In order to address the high cost of biologics, some have proposed creation of an abbreviated approval process for biologics, similar to the ANDA, that would promote competition in the biologics market and thereby drive down prices. Although the term "biogeneric" is sometimes used, it is generally acknowledged that true generic versions of biologic drugs are unlikely to be technically feasible anytime soon. By definition, a generic drug employs the same active ingredient and is bioequivalent to the innovator product on which it is based, rendering the two products functionally interchangeable. This presumption of interchangeability is what allows pharmacists to substitute a generic product for a branded drug prescribed by a physician. Biologic drugs are much more chemically complex than traditional drugs, and safety and efficacy of the product can be affected by subtle variations in the reagents and processes used in the production of the biologic. This dependence of product on process, inherent in any biologically produced product, coupled with limitations in current bioanalytical technology, will for the time being likely preclude FDA from approving generic versions of biologic drugs, although at some point technical advances might render biogenerics a reality.

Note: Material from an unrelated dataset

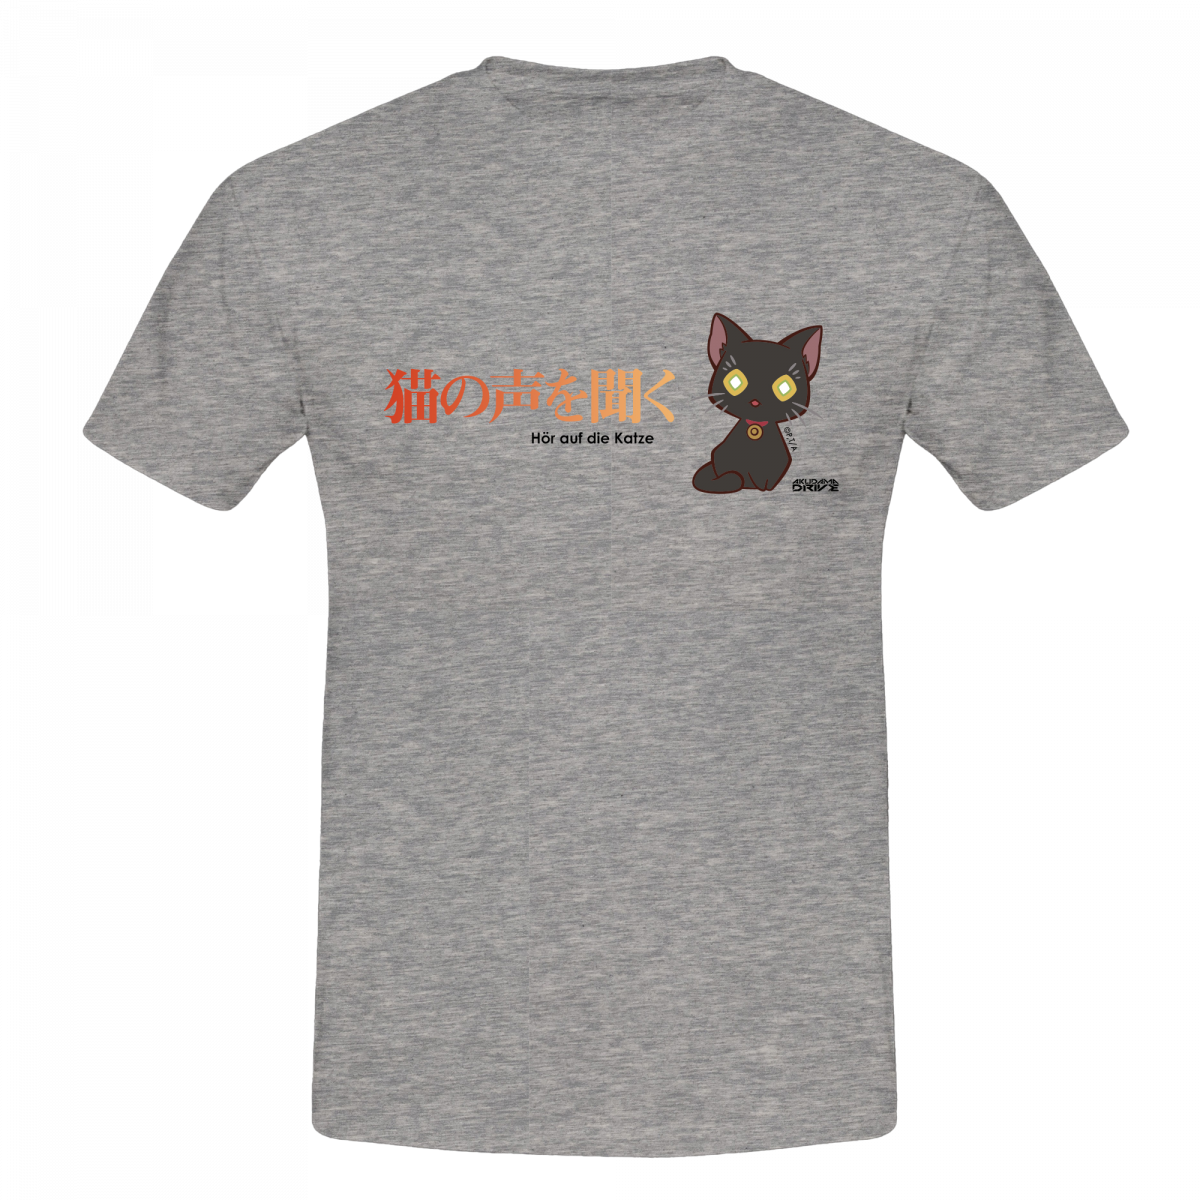 T-Shirt "Hör auf die Katze" - Akudama Drive

There is reason to believe, however, that an abbreviated approval process for biologics could reduce the regulatory barrier to entry for "follow-on biologics" (FOBs), by authorizing FDA to consider data generated by an innovator to establish the safety and efficacy of an FOB sharing structural and functional similarity to the innovator product. Proponents anticipate that FOB market entry would increase competition in the market for biologics and drive down prices, albeit probably not to the extent typical of true generic competition as exist in the market for conventional drugs. Because the products will not be presumed identical, at least some clinical testing for safety and efficacy of the FOB will be necessary even under the abbreviated process. Furthermore, potential for clinically significant differences in the safety and efficacy of the products would preclude any assumption that the FOB could be freely substituted for the innovators product.
H.R. 1427 creates an abbreviated approval process that would necessitate strong patent protection for biologic innovators
H.R. 1427 is one of two bills currently pending in Congress that would create an abbreviated approval process FOBs. The bill provides innovators with a period of data exclusivity that is even shorter than that provided for conventional drug innovators under Hatch Waxman. Recall that under Hatch Waxman, FDA will not accept an ANDA until five years after marketing approval of the innovator product, resulting in an effective period of market exclusivity for the innovator that exceeds five years by the period of time necessary for FDA to review and approve the application, which can stretch into years. In contrast, under H.R. 1427 an abbreviated application relying on innovator data to secure approval of a competing FOB could be submitted to FDA at any time, and FDA would be authorized to approve the FOB for market entry as early as five years after the innovator product first enters the market. As a result, the five-year data exclusivity period provided by H.R. 1427 is actually significantly shorter than the period provided by Hatch Waxman.
Some innovative biologics would receive an even shorter period of market exclusivity. Under H.R. 1427, a new biologic sharing structural similarity to a previously approved biologic would only be eligible for three years of market exclusivity before an FOB would be permitted to enter the market, even if the new biologic has significantly improved therapeutic properties relative to the previously approved biologic. For example, chemical modification of the protein backbone can result in substantially different and improved pharmaceutical properties relative to the unmodified protein. PEGylation, the attachments of polyethylene glycol (PEG) groups to a proteins amino acid backbone, for instance, has been used to modify and improve the therapeutic properties of some protein drugs. Because the backbone amino acid sequence of the protein has not been substantially altered, however, H.R. 1427 would appear to award the sort of important innovation with a mere three years of non-patent market exclusivity.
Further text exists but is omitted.